Harry shook hands with Carmine and kissed Dorothy on the cheek. The couple had always been cordial enough toward him, but could not at their most open ever be considered warm.
New Jersey Gothic
, Evie sometimes called them.

“We think Evelyn moved her arms,” Dorothy said.

“She might have. There are reflexes that cause muscles to contract. They don’t really mean anything though, Dorothy. I can’t let you think they do.” Harry gestured to
Maura’s bed, which was empty and freshly made. “Where’s the woman who was here?”

“Down the hall in a new room, poor soul,” Dorothy responded. “The nurses said a bed just came open. They didn’t want her disturbing these … these moments.”

Harry knew that unless he asked Carmine DellaRosa a direct question, and then only one he was uniquely qualified to answer, Carmine would let his wife do the speaking for the two of them. Harry had decided against sharing news of the break-in. Sooner or later he might have to, but at the moment they were already upset enough by the tragedy and by Harry’s decision to have Evie’s organs donated.

On the bed beside them, Evie lay peacefully. Her eyes were taped shut, and she remained attached to a ventilator and IV. But the treatments to reduce brain swelling—hyperventilation to lower her carbon dioxide level and raise her blood pH, and diuretics to induce dehydration—had been stopped. A second set of required tests—cerebral blood-flow scan, EEG, and attempts at making her breathe spontaneously—had all confirmed the diagnosis of functional brain death.

Now, there was only the matter of saying good-bye and having an attending physician pronounce her officially dead. Then the people from the New York Regional Transplant Services would take over.
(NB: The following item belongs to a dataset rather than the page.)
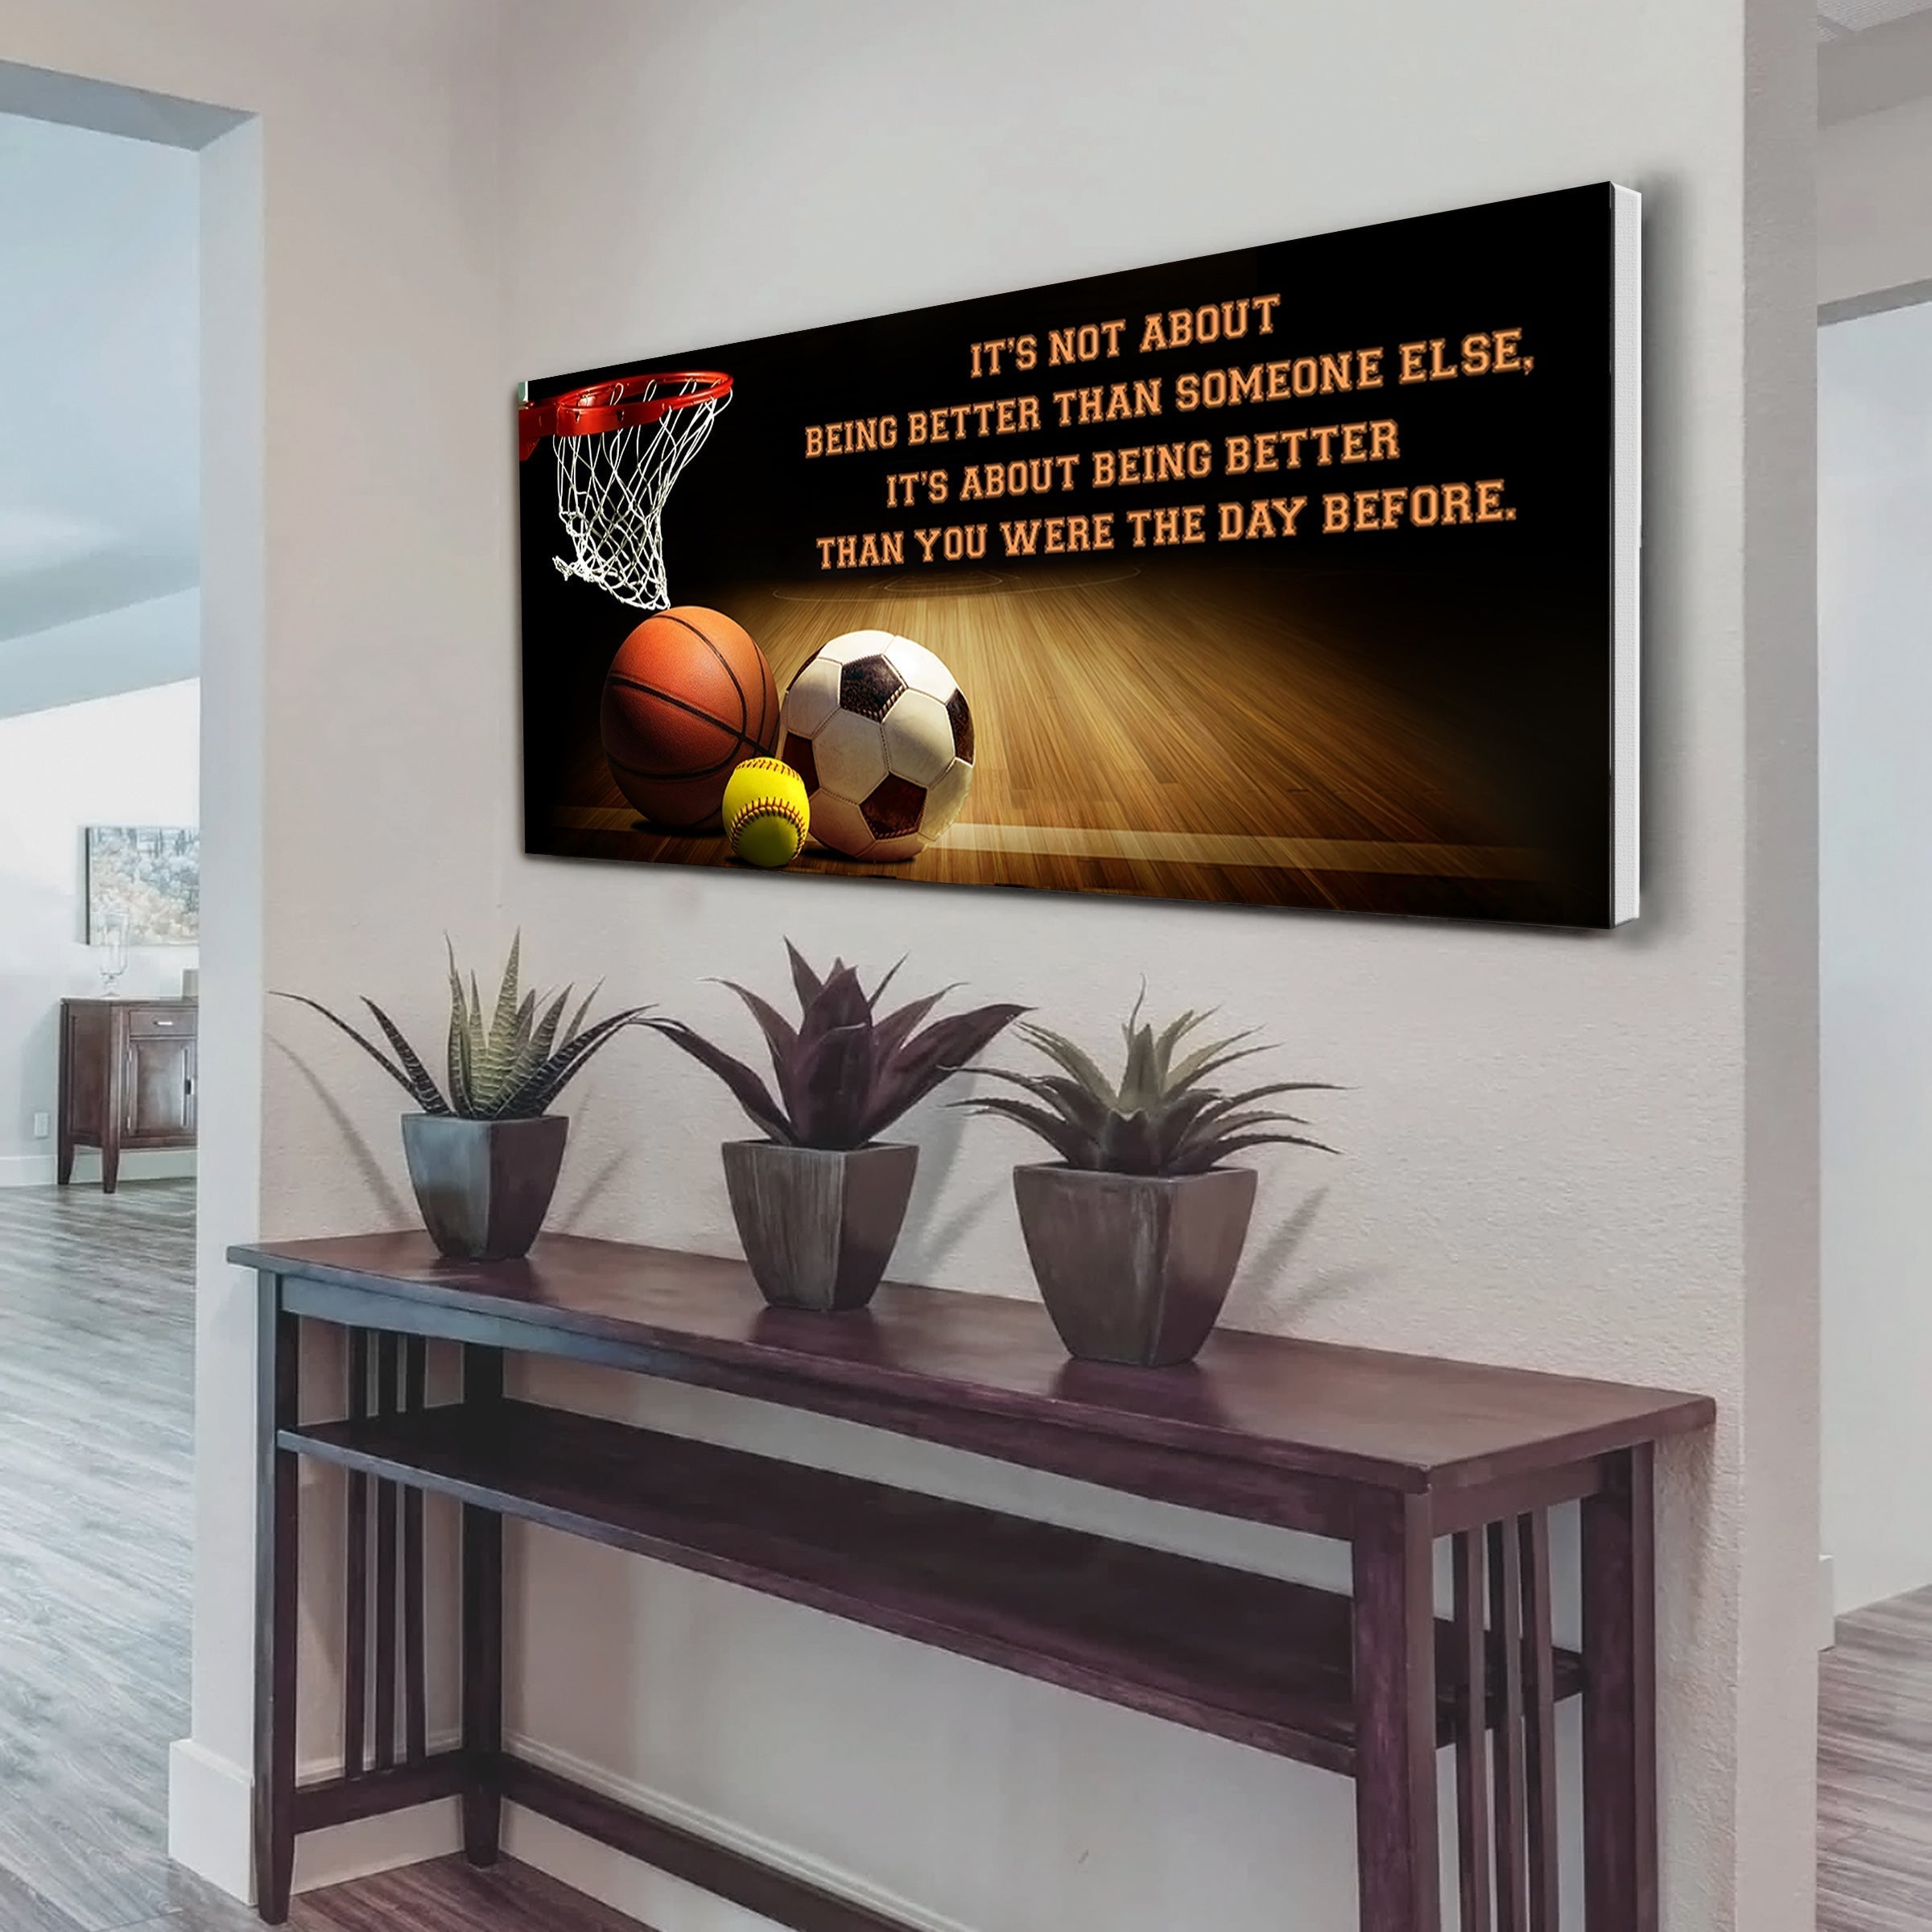 Customizable Basketball, soccer, softball poster canvas- It's not about being better than someone else

He took Evie’s hand and held it for a time, wondering if the DellaRosas had heard anything yet of Caspar Sidonis. Before long they would. With the cause of Evie’s death clearly established as a ruptured aneurysm, there was no need for the medical examiner to demand an autopsy—especially with multiple organ donations at stake. But he had ordered extensive toxicology studies.

“Father Moore just left,” Dorothy said.

“I’m sorry I missed him.”

“He administered the Sacrament of the Sick to Evelyn.”

“Good.”

Evie had not considered herself a Catholic for years and had made no attempt to have her first marriage annulled.
But neither of her parents would ever admit to the fact.

“I’m just not sure this organ business is the right thing to do. Evelyn was so … so beautiful.”

“It’s the right thing, Dorothy. Evie will be just as beautiful when this is all over—
more
beautiful.… Okay?”

“Yes. I … I suppose so. Um … about the funeral?”

Harry sensed what she wanted him to say.

“Would you like to make arrangements?” he asked.

“Thank you. I would.”

“Anything you do in that regard will be okay. The funeral people you decide to use can call and make arrangements with the hospital.”

“Do you know if Evelyn has an address book of some sort?”

“Oh, yes. As a matter of fact, she has it here. I’ll call you later if you want and go through the names with you.”

“That won’t be necessary. I have friends who will call all the numbers. That way anyone who wants to come can do so. Our church isn’t that large, but we don’t have that much family, so there should be room. You’ll speak to people here?”